Seeing the Light (A Marie Jenner Mystery Book 1)

Home > Other > Seeing the Light (A Marie Jenner Mystery Book 1) > Page 31
Seeing the Light (A Marie Jenner Mystery Book 1) Page 31

by E. C. Bell


  “Did you hear me, Farley?” I asked.

  “Yeah,” he said. “I heard you.’

  He was staring at the floor as if mesmerized.

  “The grain of this wood sure is nice,” he said. “Nice, straight line to it. Good wood. A person can appreciate wood like that.”

  He tilted his head, caught my eye, and smiled.

  “Know what I mean?” he asked.

  I really didn’t, but before I could ask him what he meant, he disappeared before my very eyes.

  Stage Three

  Seeing What He Needs To See

  Farley:

  This Wasn’t Like Before

  This wasn’t like before, when I’d blinked away to that horrible nightmare place where I’d died.

  This time I went back to my childhood, when I was six—

  Marie:

  Making the Phone Call

  I stared where Farley had been, and tried to think. Exhaustion was overtaking me, because way too much had happened, but there had to be something I could do.

  I struggled to my feet, and sat down at the desk. Mom said Farley had to figure out why he lived his life the way he did so he could move on. I was still convinced that his daughter Rose was the key. It had to do with the way he lived his life concerning her. He had to deal with this. I was convinced of it.

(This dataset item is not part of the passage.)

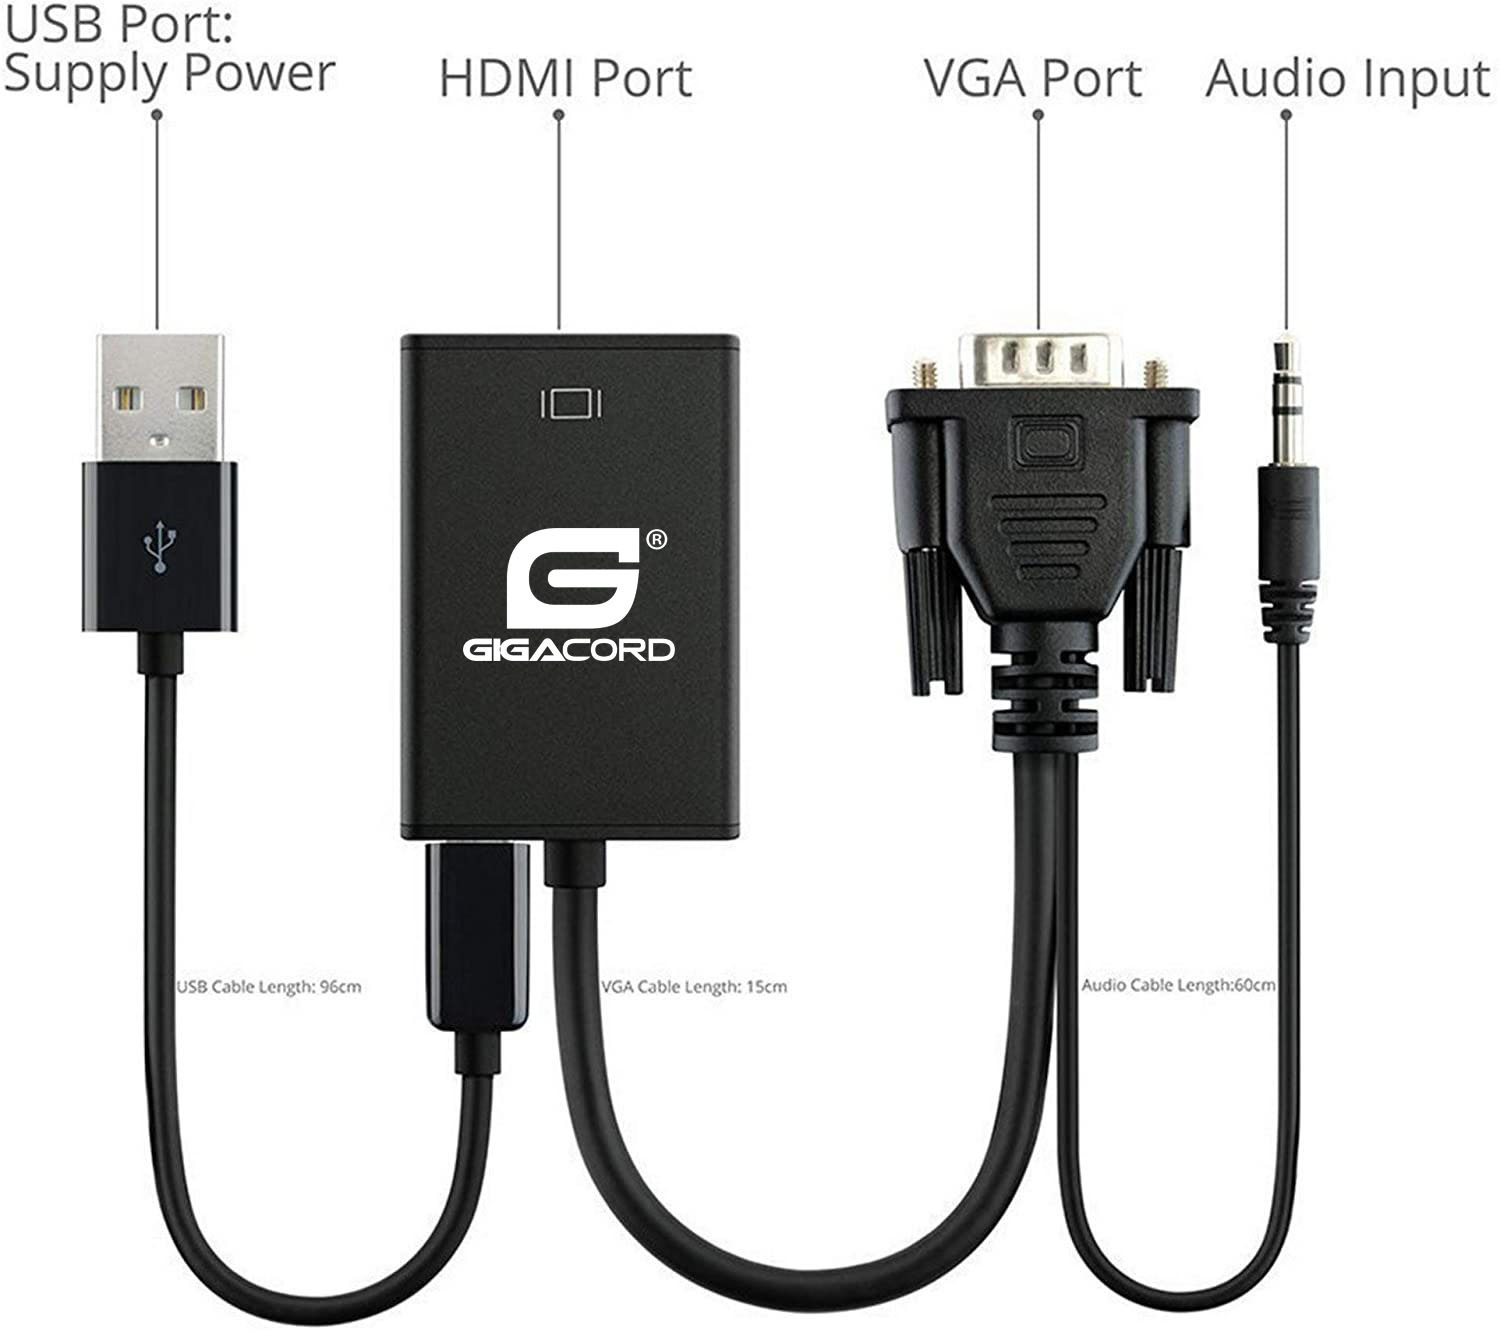 Gigacord 10" VGA Male to HDMI Converter Adapter with 3.5mm USB Power Adapter, Black - NWCA Inc.

  I called information, to see if I could get her number, half-onvinced that I wouldn’t find her. She was probably happily married and listed under her husband’s name. Maybe she was living on the other side of the world. Something to make this all very hard.

  She wasn’t. There was exactly one “R. Hewitt” in Edmonton, and when I dialed the number, I knew it was her, before she said hello.

  She sounded remarkably good, for someone who had lost her father such a short time before. So good, I suddenly didn’t want to bother her. But as I looked at the spot where Farley had disappeared, I knew I needed to finish this. For him.

  “My name is Marie Jenner,” I said, using my best receptionist voice, and hoping she wouldn’t think I was calling about a survey or something and hang up before I had a chance to get the right words out. “I knew your father. I think we should talk.”

  She sighed, and when she answered again, she didn’t sound as good.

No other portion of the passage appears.